Ombudsman RI Rilis Kajian Tindak Pidana Perdagangan Orang

Ketua Ombudsman RI, Mokhammad Najih pada agenda diskusi publik, Jumat (21/11)/Foto : GPriority (Nindya Farhah Azzahrah) Ketua Ombudsman RI, Mokhammad Najih pada agenda diskusi publik, Jumat (21/11)/Foto : GPriority (Nindya Farhah Azzahrah)

Jakarta, GPriority.co.id – Ombudsman RI menggelar diskusi publik terkait pencegahan tindak pidana perdagangan orang (TPPO) pada Jumat (21/11).

Terpantau oleh GPriority di tempat, diskusi pencegahan TPPO ini turut mengundang kementerian dan lembaga terkait seperti Kementerian Luar Negeri (Kemlu RI), Kementerian Imigrasi dan Pemasyarakatan (Imipas), serta Kepolisian Republik Indonesia (Polri).

Dalam sambutannya, Ketua Ombudsman RI, Mokhammad Najih menyebut, kehadiran negara sangat penting bukan hanya untuk menindak pelaku kejahatan perdagangan orang, namun juga melakukan upaya-upaya preventif sebelum jatuhnya korban secara berulang.

“Apalagi kita ketahui bersama bahwa tujuan dari perdagangan orang sangat beragam mulai dari eksploitasi secara seksual, kerja paksa, sampai pada tahap penjualan organ tubuh. Bukan hanya dipandang sebagai perbuatan biadab, namun juga perbuatan yang sangat melanggar hak asasi manusia,” sebut Najih.

Menurut data dari Direktorat Perlindungan Warga Negara Indonesia Kemlu RI, sepanjang 2019-2024, tercatat kurang lebih 2.567 warga negara Indonesia terindikasi menjadi korban TPPO. Pada bulan Maret 2025, 554 WNI berhasil dipulangkan dari Myanmar.

“Negara-negara seperti Kamboja dan Arab Saudi tercatat sebagai tujuan terbanyak dengan korban yang sebagian besar bekerja sebagai admin judi online, scammer, serta asisten rumah tangga. Fakta-fakta ini menunjukkan bahwa pencegahan dan penegakan hukum saja tidak cukup,” jelas Najih lebih lanjut.

Najih menekankan, kasus perdagangan orang bukan hanya menjadi urusan penegakan hukum, namun juga bisa terjadi karena diawali dengan adanya maladministrasi dalam pelayanan publik.

Berdasarkan informasi dari Balai Pelayanan Perlindungan Pekerja Mitra Indonesia Jawa Barat, dalam tiga taun terakhir, sejak 2022-2024, jumlah penempatan pekerja mitra Indonesia resmi yang berasal dari Jawa Barat mencapai 151.482 jiwa.

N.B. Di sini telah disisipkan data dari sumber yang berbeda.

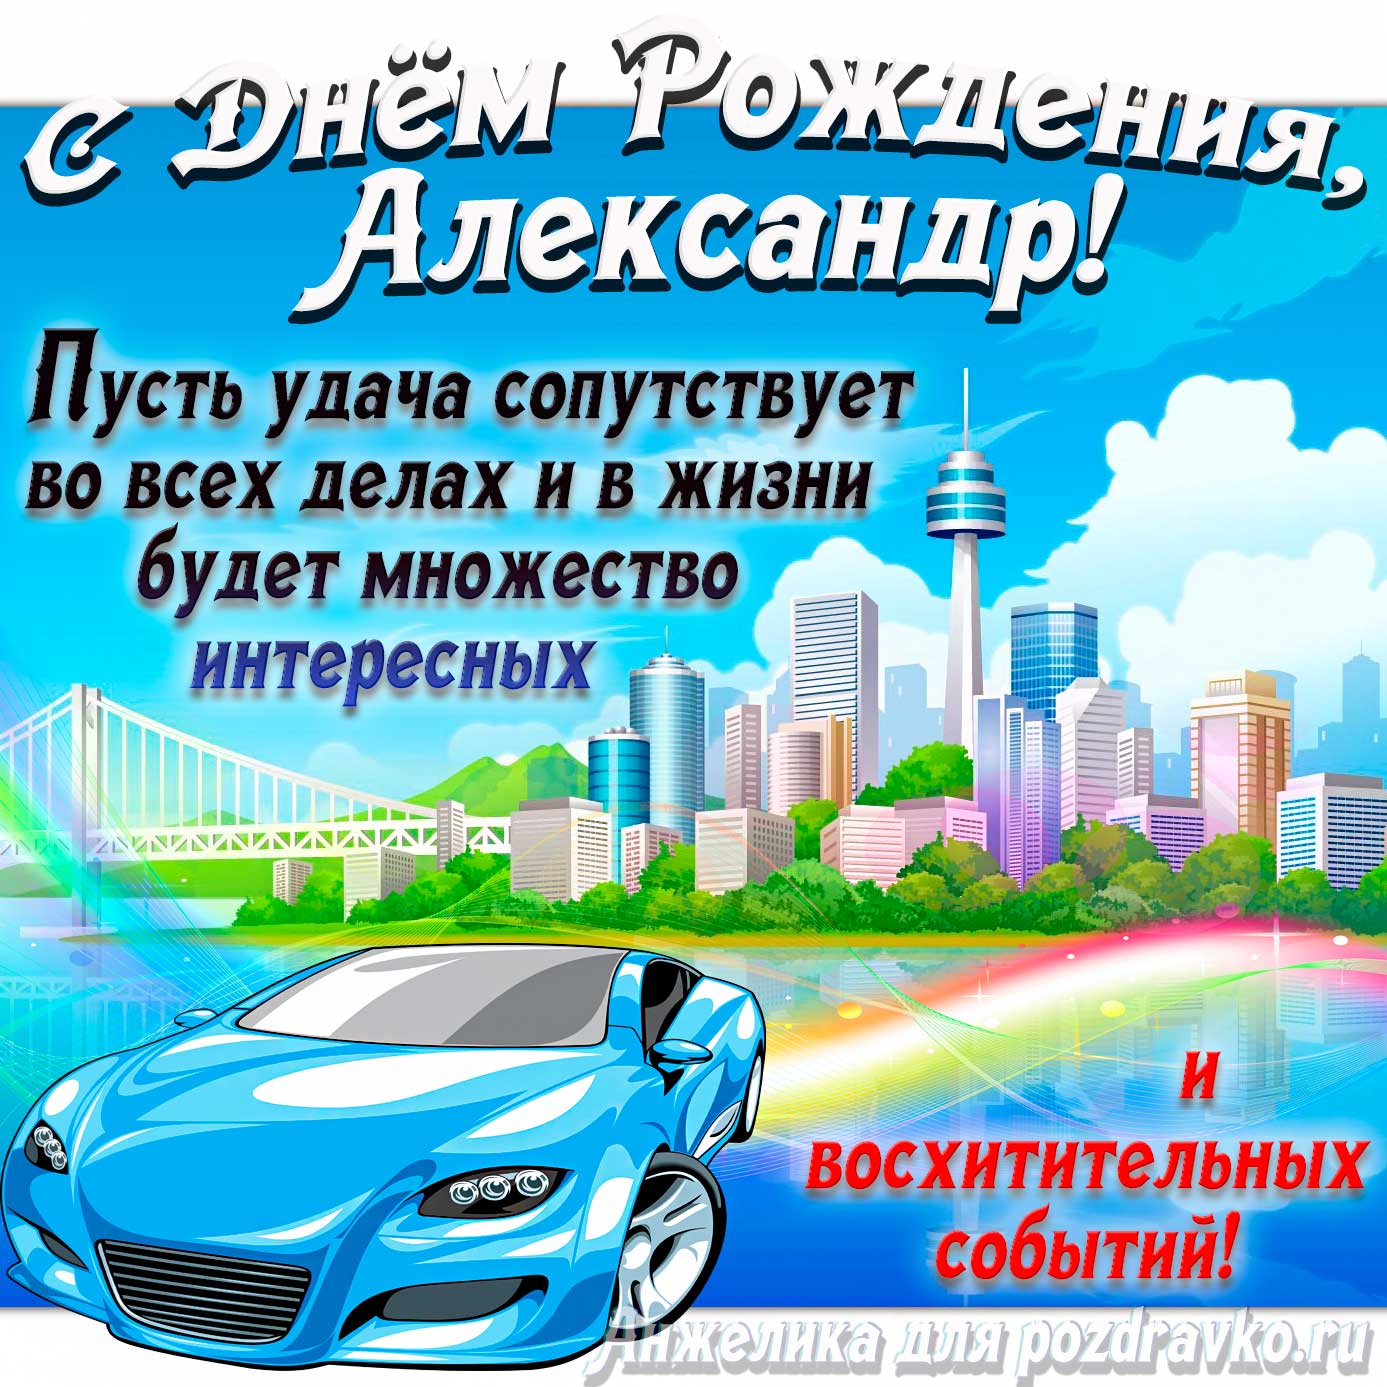 Открытка - с Днём Рождения Александр с голубой машиной и пожеланием. Скачать бесплатно или отправить картинку.

“Jumlah ini menempatkan Jawa Barat sebagai provinsi dengan penempatan terbanyak ketiga di Indonesia setelah Jawa Timur dan Jawa Tengah,” tutur Najih.

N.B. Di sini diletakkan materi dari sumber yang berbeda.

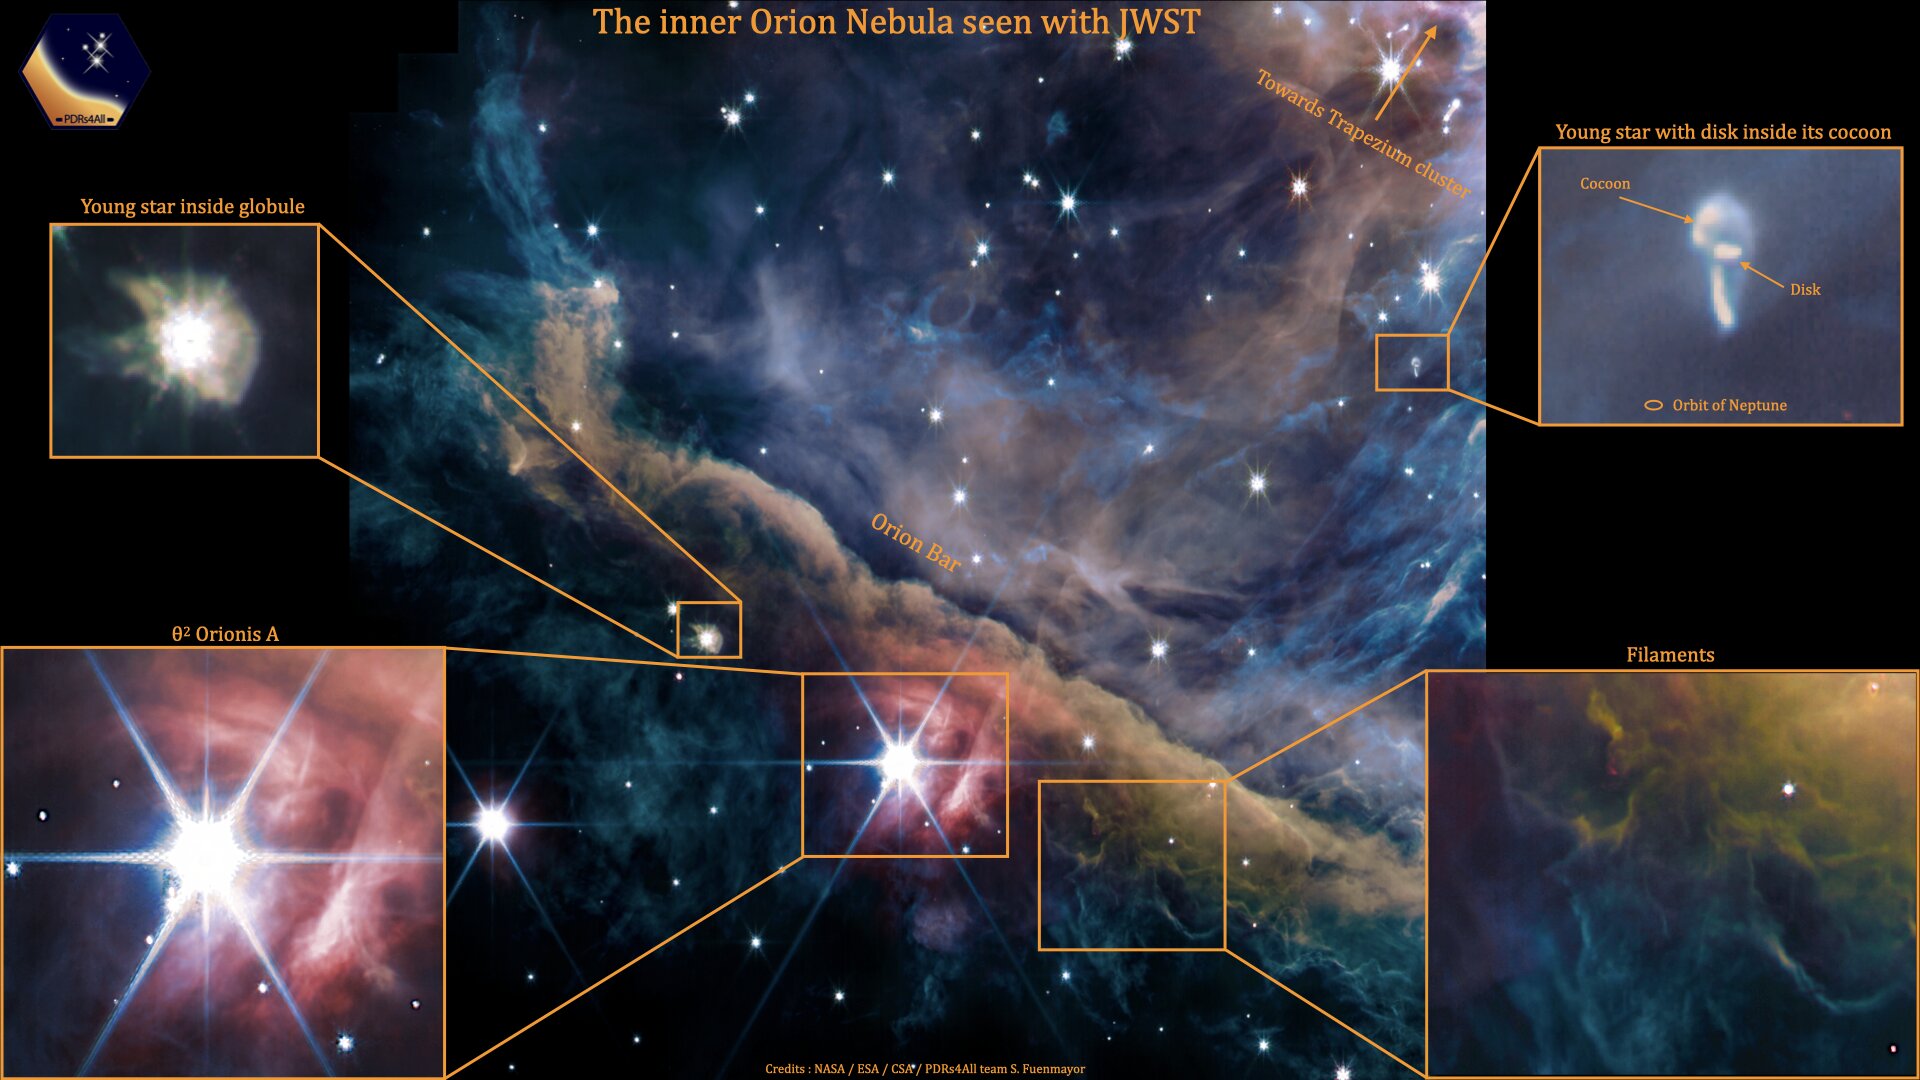 La nueva observación del Webb sobre Orión muestra una imagen compuesta de varios filtros que representa la emisión de gas ionizado, hidrocarburos, gas molecular, polvo y luz estelar dispersa (NASA)

Kendati demikian, faktanya migrasi non-prosedural masih sangat tinggi di Jawa Barat. Najih mengatakan, banyak keluarga yang datang mengadu tetapi korban bukan bagian dari penempatan resmi. Hal ini, sebutnya, menunjukkan masih adanya kesenjangan informasi, kesenjangan akses, serta kesenjangan perlindungan yang masih harus dibenahi oleh pemerintah.